What joy there is to be upon a wild river. A river that flows freely for every day of every year. A river where you know that each drop has followed a natural course, not held back by dams or diverted to irrigation channels, not turned turbines or been spat out of a tap.

Thirty five years ago, I paddled the Franklin River for the first time. That journey into Tasmania’s wild south-west was just a few years after the river was saved from the dam builders. I was a backpacker having a fun year in Australia, not the immigrant I became. That river changed my life in ways I am still understanding. Many wild places have taken my breath away, but the Franklin nearly suffocated me in its power, its beauty, its freedom.

“A brown ditch, leech-ridden, unattractive to the majority of people,” was how Robin Grey described the Franklin.
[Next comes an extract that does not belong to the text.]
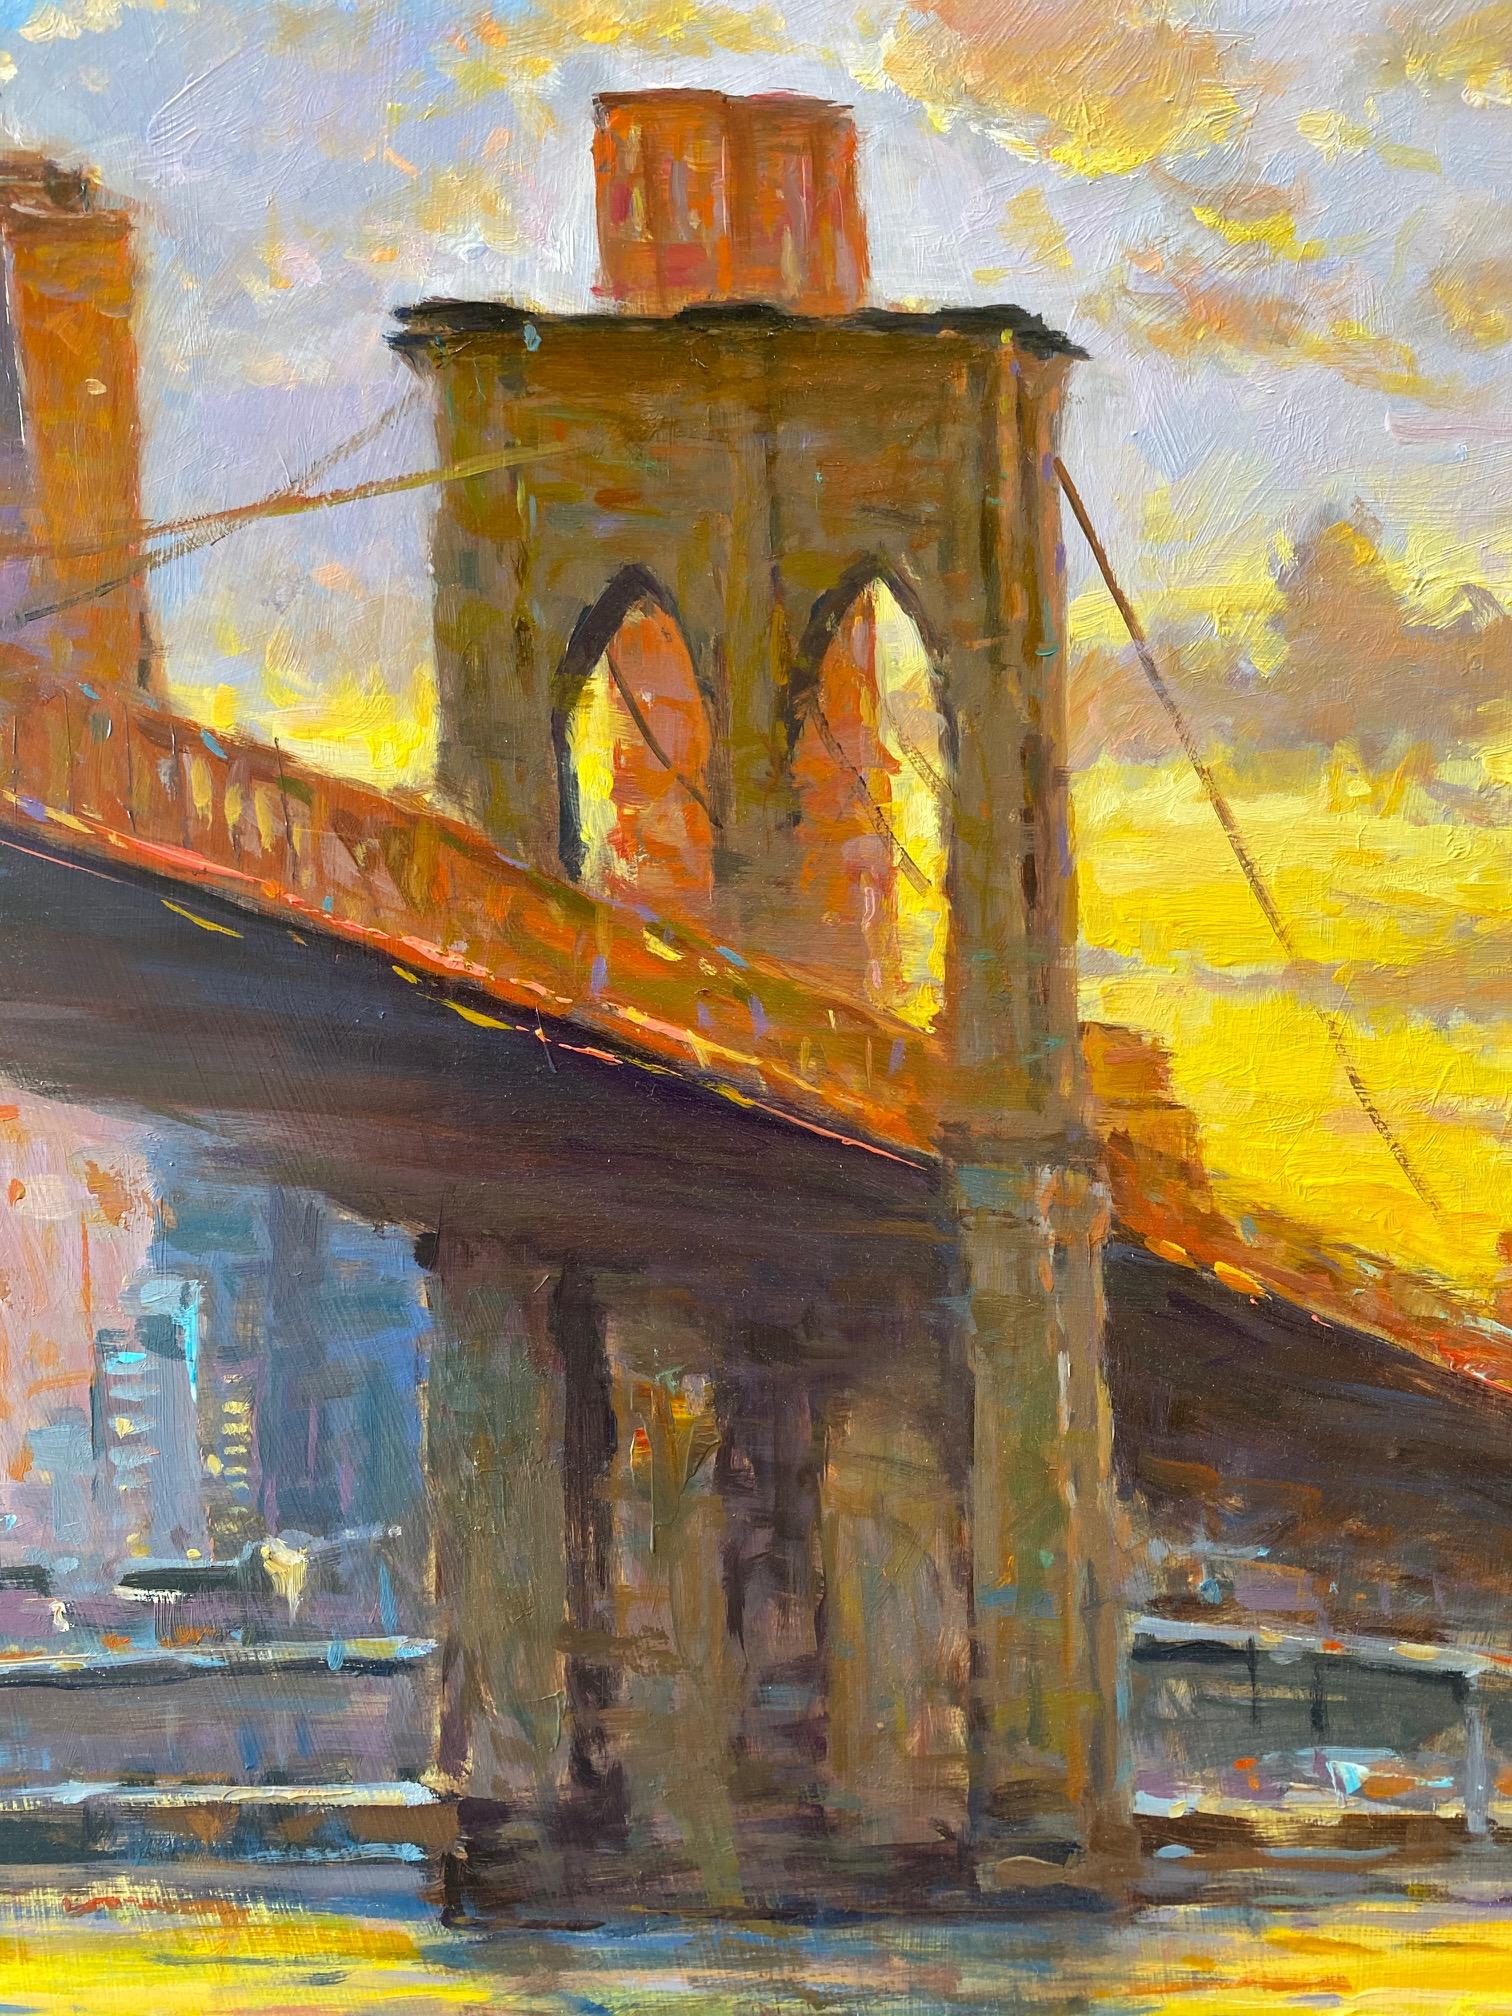 The glow of the sunset at the iconic Brooklyn Bridge of NYC radiates out upon the Freedom Tower and the East River. As the renaissance of Brooklyn, New York is blooming, the connection that the Brooklyn Bridge provides between Brooklyn and the

Was he, the Tasmanian Premier at the height of the campaign to save the river, truly blind or just unwilling to see?

Texts of Islam, Christianity and Judaism talk of the rivers of paradise – Pishon, Gihon, Tigris and Euphrates – flowing with water, wine, milk and honey. Hindus revere Mother Ganga. Greek mythology offers the rivers running through the underworld – Acheron, Styx, Lethe, Phlegethon and Cocytus.

The cleverness and curse of humanity is our adaptability to change. So we build our nests, shit in them and then adapt to live in the mess we create. By degrees we accept less. We accept to swim in once clear waterways now turbid with silt or to travel down rivers glistening with plastic. Shouldn’t we fight harder to hold onto our rivers of paradise, to stop creating more rivers of hell?

Darwin’s final paragraph of On the Origin of Species is written as he looks out across a river from a “tangled bank” and marvels at the variety of life. For the survival of the species, perhaps we too need to look out from such a riverbank and contemplate what we need, what we have lost and what we must do.